At the Shanghai River Restaurant, for example, the bill for our food arrives in Chinese. Famous for its pork soup dumplings and dim sum, or Chinese tapas, the restaurant churns out 6 000 dumplings a day, serving them with delicious salads of baby pea shoots.
Later, we take an amble through the food court of Aberdeen Centre, the newest of the three major Asian shopping malls in Richmond.
There's Tim's Dessert House with its Hong Kong-style egg balls, and Café D'Lite Express where you can taste drinks called iced honey chrysanthemum and hot barley.
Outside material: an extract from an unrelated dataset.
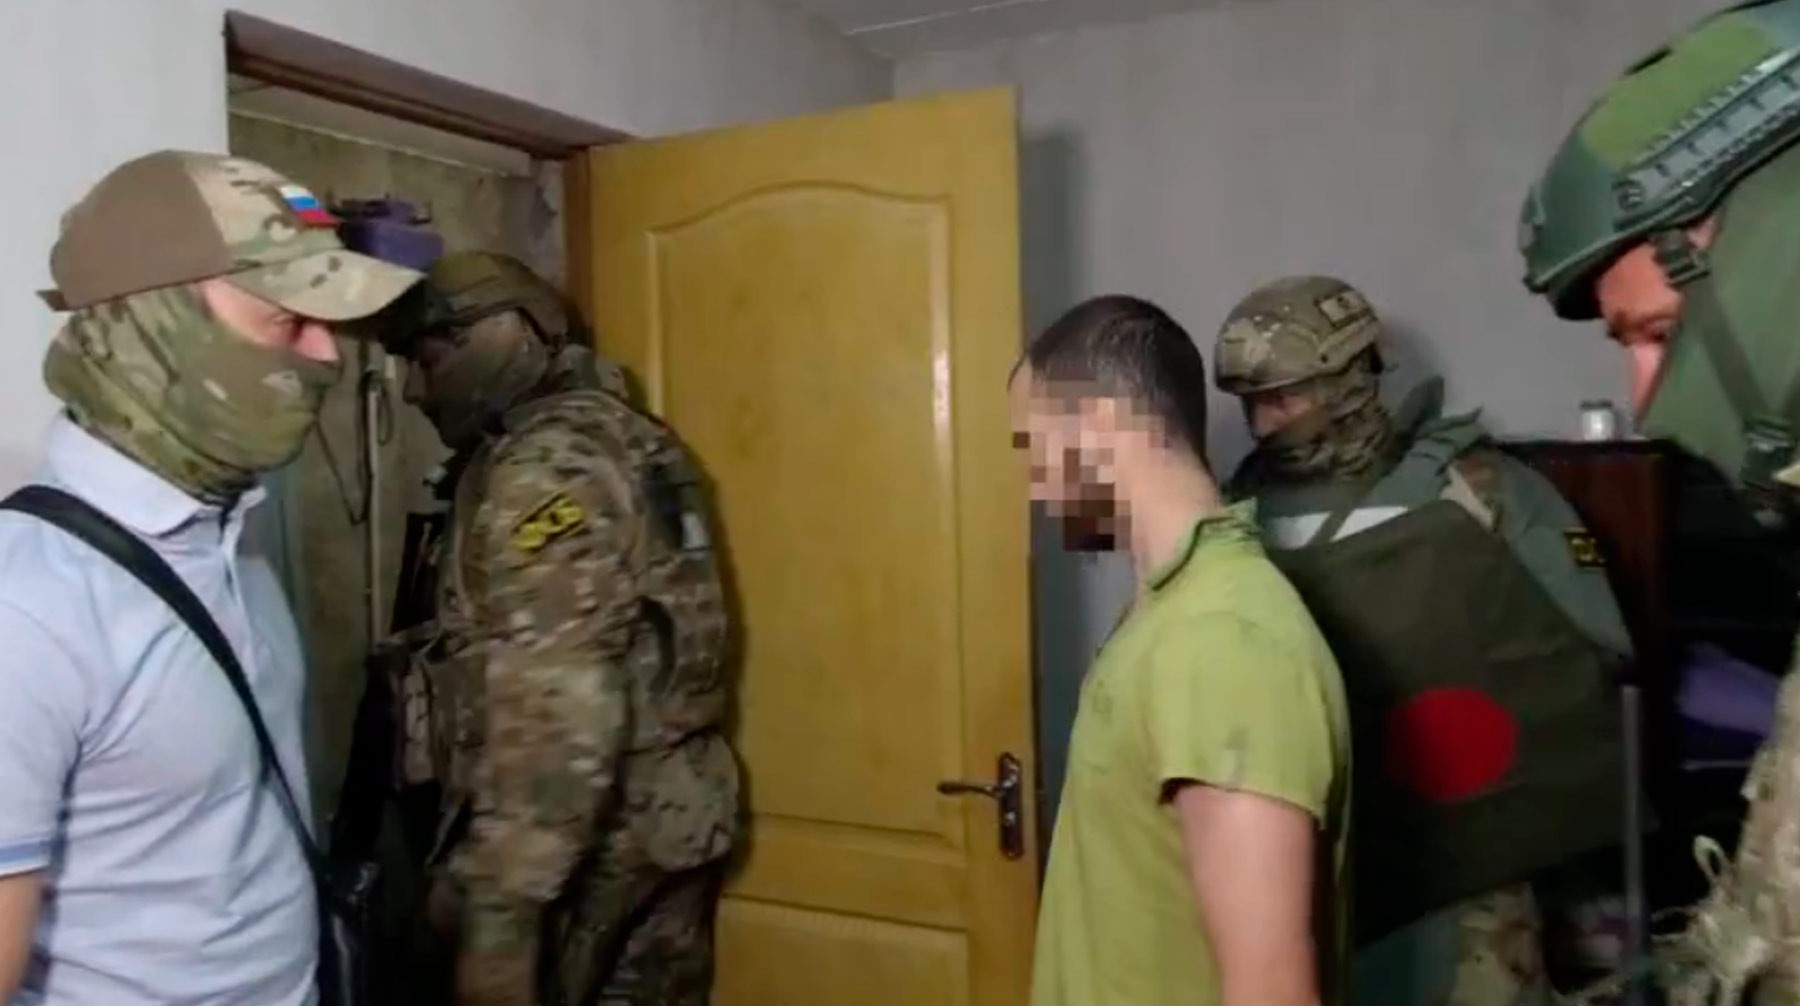 Dailystorm - ФСБ задержала в Крыму трех главарей «Хизб ут-Тахрир» — видео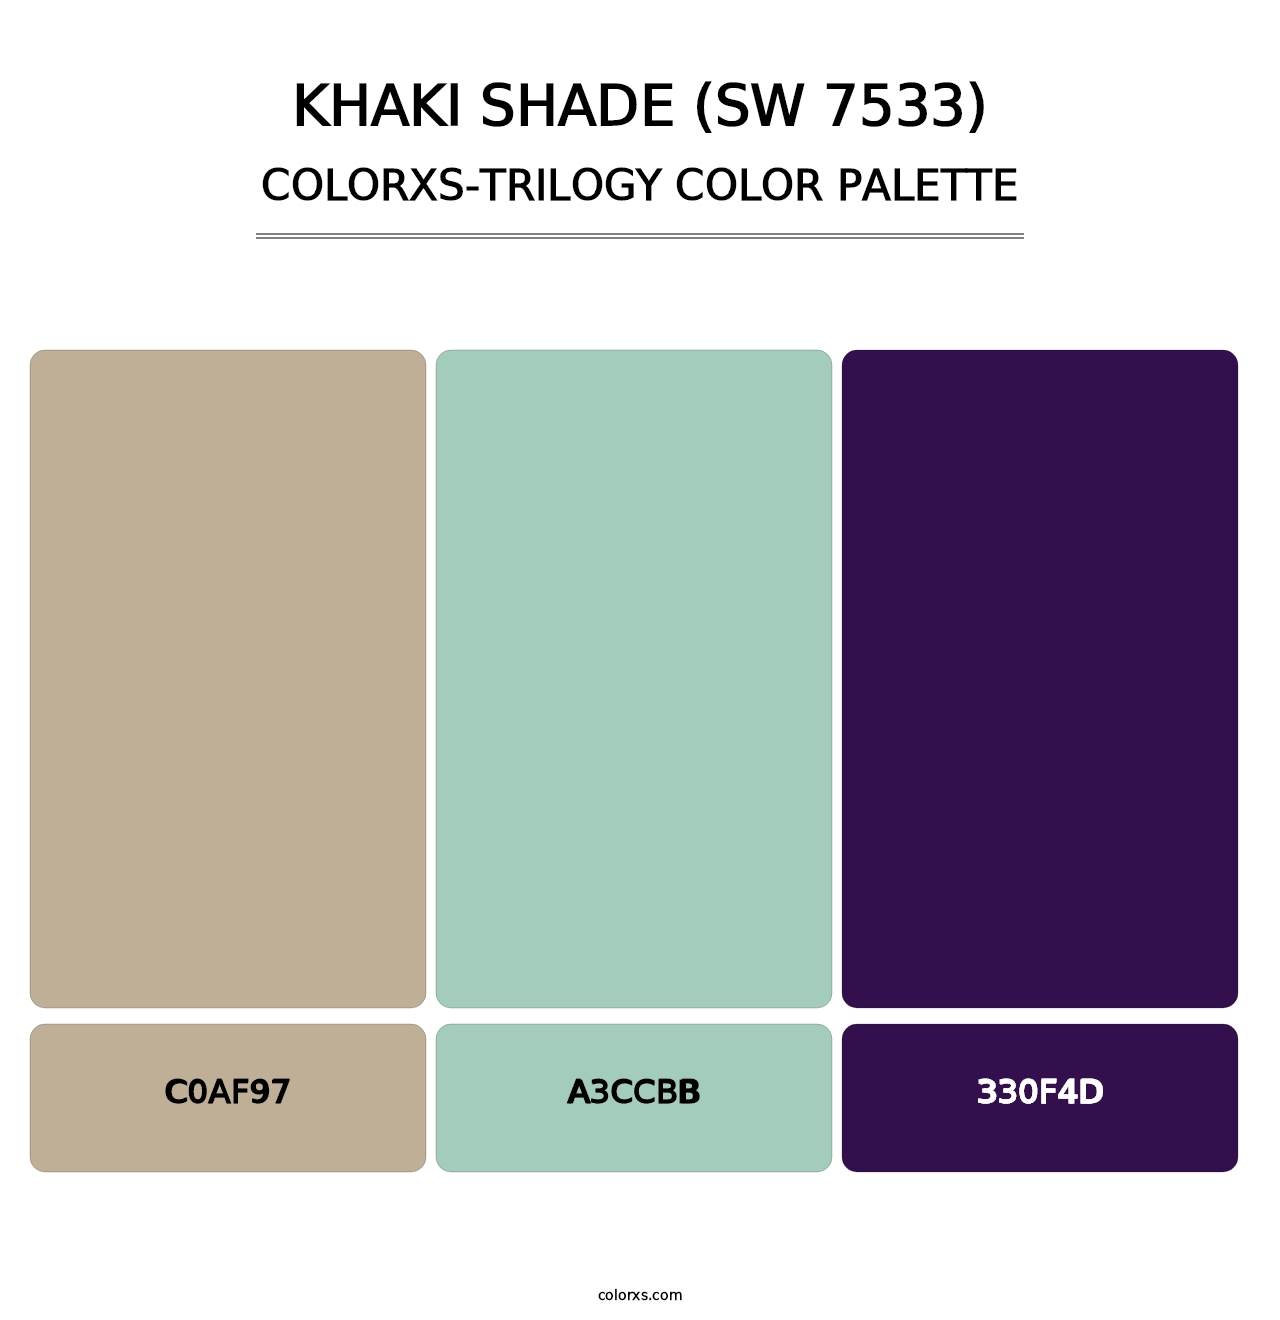 Khaki Shade (SW 7533) - Colorxs Trilogy Palette

Long known as the home to Vancouver International Airport, Richmond has quietly emerged as a culinary hot spot for Asian cuisine of all types. Japanese restaurants rub shoulders with establishments specialising in the tastes and textures of Shanghai, Hong Kong, Taiwan and Malaysia. Offering a unique assortment of dishes you'd be hard-pressed to find anywhere else outside of Asia, Richmond's culinary scene gives visitors an opportunity to immerse themselves in an utterly different dining experience that can take them straight to Asia.
But if it's charm you're after, you have to head to Steveston, the historic heart of Richmond.
Here, expect an eclectic mix of home-style coffee shops, boutiques, galleries and restaurants, a place where locals chat with fishermen on the pier and families bask in the sunshine over plates loaded with fresh fish and chips. Alive with activity, this is a village where the present seamlessly meets the past, honouring tradition and legacy while ever looking forward.
For visitors interested in experiencing the roots of the city, Steveston holds plenty of interest. A long boardwalk lines the river, providing a starting point for a leisurely bike ride from the village. Cycle east past the old cannery buildings and visit the Murakami Complex, part of the Brittania Shipyards National Heritage Site. Here, the home of the Murakami family has been preserved since its construction in 1885.
The humble abode of one of the early Japanese settlers in Steveston, this museum paints a brief portrait of their lives as fishermen and boatbuilders and the Japanese traditions they brought with them.
For the European equivalent, bike to London Heritage Farm, in the midst of an expansive floral and vegetable garden, a great place to have tea and scones after browsing through the intimate details of the London family, established here in the 1880s. The farmhouse and environs showcase their lives and farming traditions.
Back in the village, there are culinary temptations aplenty. Fish and chips is a staple that can be enjoyed in casual dining restaurants or to go, consumed in the sunshine over an inspiring view of the river. There are also old-fashioned ice cream and candy stores.
A must-see in Steveston is the Gulf of Georgia Cannery Museum, which tells the story of Richmond's thriving beginnings in 1894 as salmon central. The museum explains how the canning operations worked and what the lives of cannery workers were like.
Though the canneries have long since shut their doors, it's still possible to purchase wild salmon and shrimp directly off boats moored at the pier. Locals flock to the nearby Garry Point Park, where dogs frolic on the beach, kite boarders zip along the open fields and pedestrians and cyclists relish the sight of massive cargo ships, jet skis and pleasure vessels passing by.
Families push prams along the path and children wobble on bicycles. Executives gaze into their laptops from coffee shops, neighbours meet over croissants and men catch up on the local events at the barber.
The times have changed, but Steveston's deep roots have allowed it to maintain its dignity, welcoming locals and visitors without sacrificing its special character.